Literature DB >> 24726902

Identification of naïve HVC-4 patients who may be treated with pegylated-interferon and ribavirin according to IL28B polymorphisms.

Lucio Boglione1, Jessica Cusato2, Amedeo De Nicolò2, Giuseppe Cariti2, Sarah Allegra2, Valeria Ghisetti2, Giovanni Di Perri2, Antonio D'Avolio2.   

Abstract

BACKGROUND: The current treatment of HCV-4 patients is dual therapy with PEG-IFN and ribavirin; however, new drugs against this genotype will be available within few months. Despite the evidenced good virological response in IFN-free regimens, the high cost of these new therapies will require patient selection. In our paper we propose the use of both rs8099917 and rs12979860 IL28-B polymorphisms, in order to identify potentially categories of SVR, null-responder and relapse and consequently to choose the dual therapy or novel approach.
METHODS: One hundred and sixty-nine patients with chronic hepatitis C and genotype 4 treated with pegylated interferon and ribavirin for 48weeks were retrospectively studied.

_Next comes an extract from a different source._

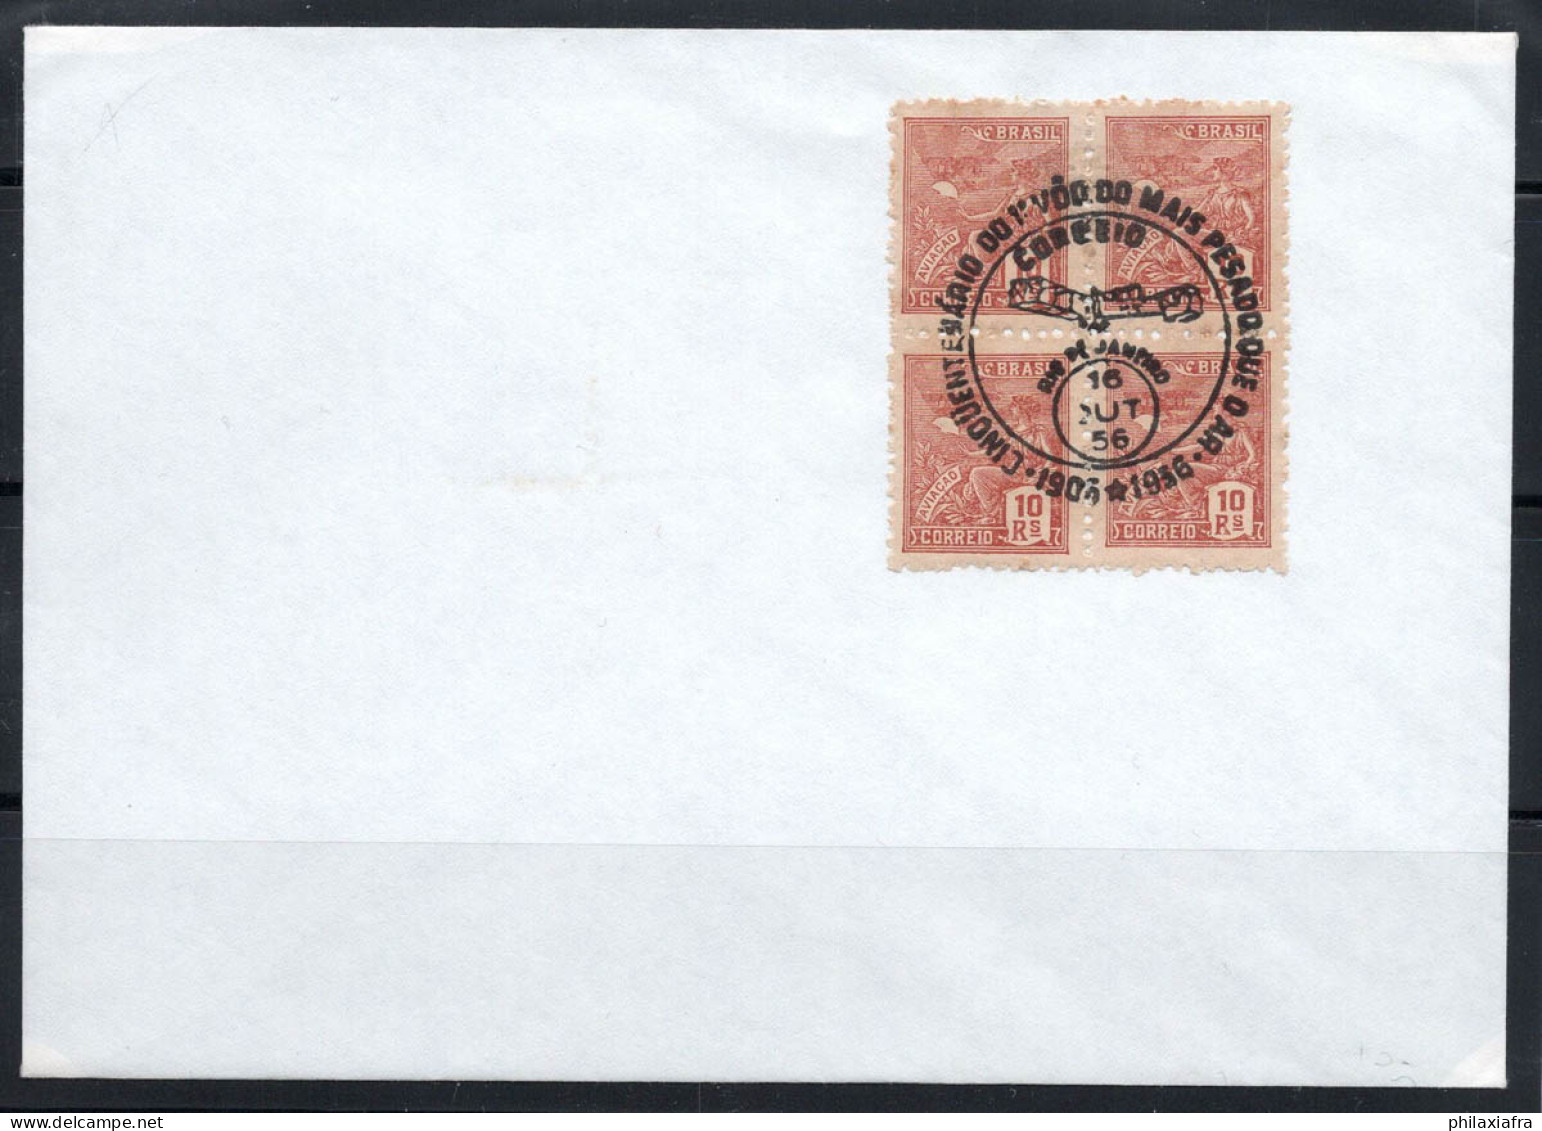 Brésil 1956 Enveloppe 100% Poste Aérienne Rio De Janiero - Lettres & Documents
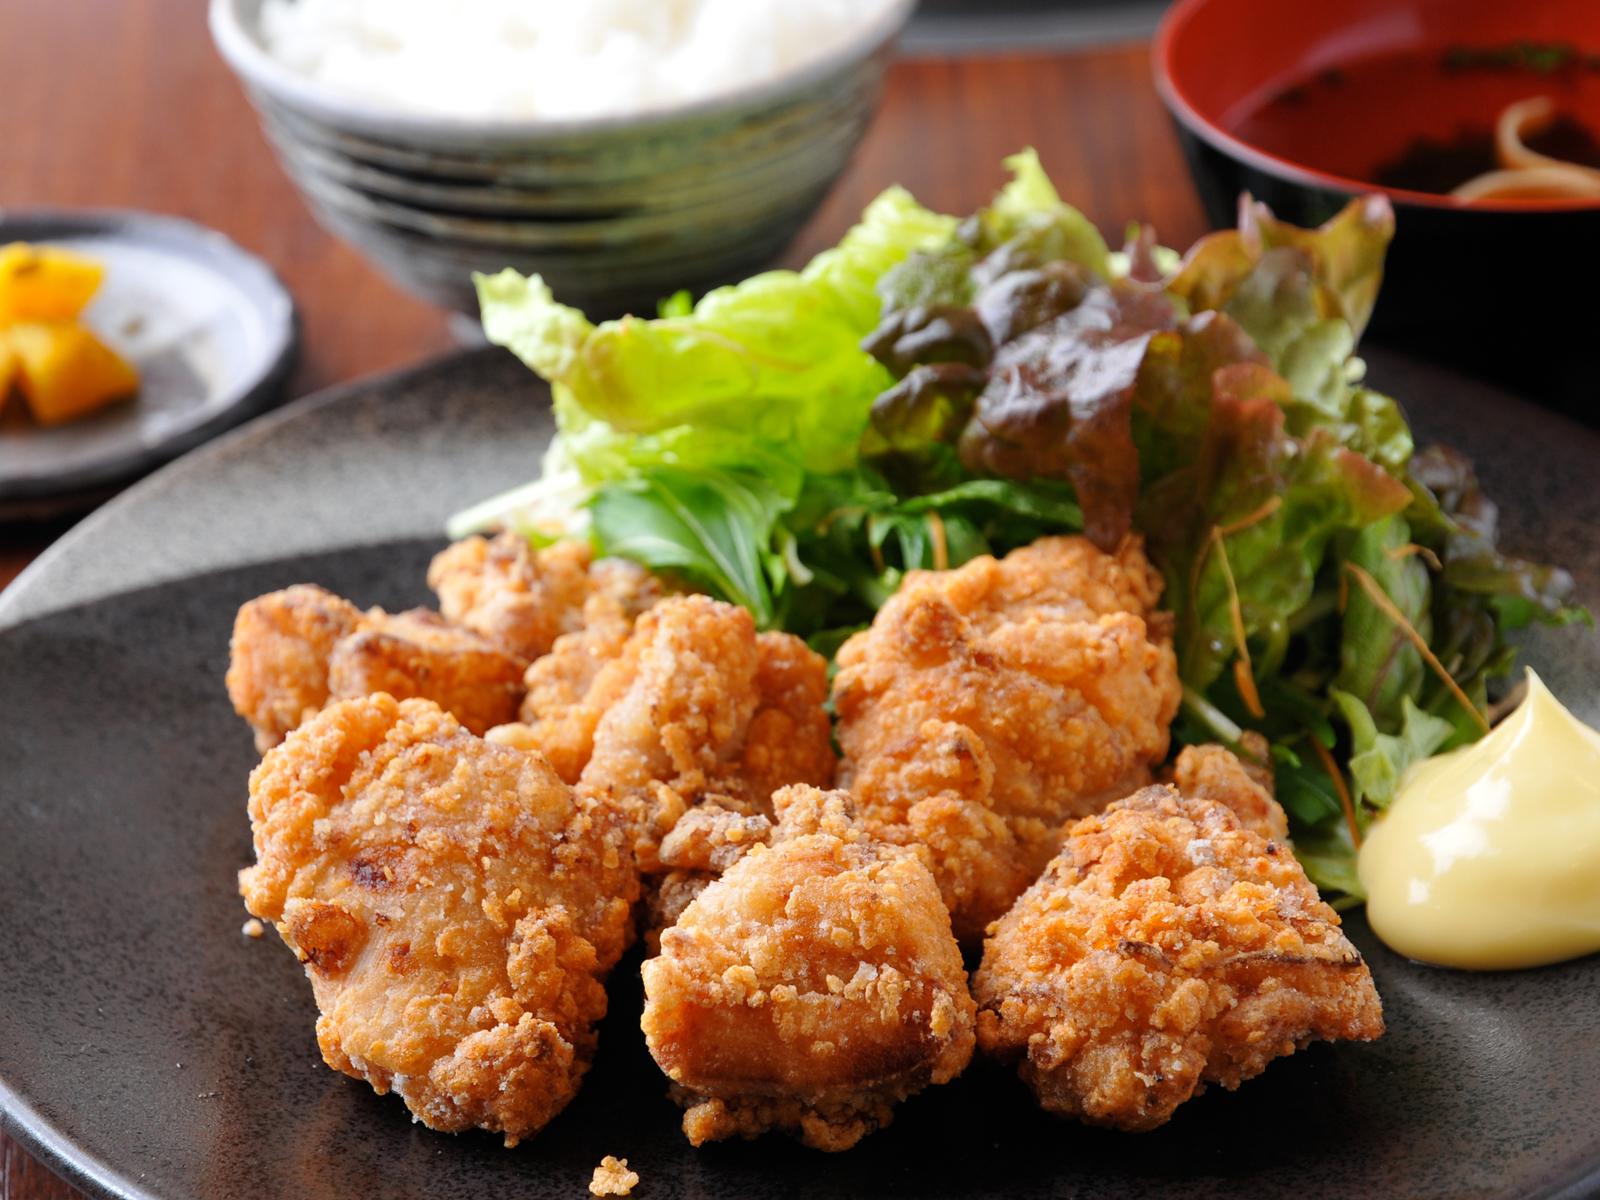 토종닭・닭 요리 미야마혼포 덴몬칸점-1

All patients were genotyped for rs8099917 and rs12979860 interleukin-28B polymorphisms.
RESULTS: 80 patients with SVR (88.8%) had the TT/CC or TT/TC (rs8099917/rs12979860) (p<0.001) genotypes; the null-responders (n=13), 9 (69.2%) showed the GG/TT allelic distribution (p<0.001); relapsers showed a prevalent distribution of the TG/TC genotype (83.3%) (p<0.001). The 6 (100%) breakthrough patients showed TT/TC genotype, while the partial responders patients did not show any particular IL-28B genetic profile. Genetic profiles different from TT/CC showed 94.9% negative predictive value for SVR, with 92.6% of sensitivity and 65.2% of specificity. Insulin-resistance, diabetes and liver fibrosis were not relevant in our multivariate analysis.
CONCLUSIONS: The combination of both rs8099917/rs12979860 polymorphisms is useful for early identification of SVR, null-responders and relapsers. This could be used to chose between standard dual therapy or novel approach with IFN-free regimens.
Copyright © 2014 Elsevier B.V. All rights reserved.

Entities:  

Keywords:  Breakthrough; Genetic polymorphisms; HCV-4; IL-28B; Null responder; Relapser

Mesh:

Substances:

Year:  2014        PMID: 24726902     DOI: 10.1016/j.antiviral.2014.03.016

Source DB:  PubMed          Journal:  Antiviral Res        ISSN: 0166-3542            Impact factor:   5.970


  2 in total

Review 1.  Current status and emerging challenges in the treatment of hepatitis C virus genotypes 4 to 6.

Authors:  Vasilios Papastergiou; Stylianos Karatapanis
Journal:  World J Clin Cases       Date:  2015-03-16       Impact factor: 1.337

2.  Role of genetic polymorphisms in hepatitis C virus chronic infection.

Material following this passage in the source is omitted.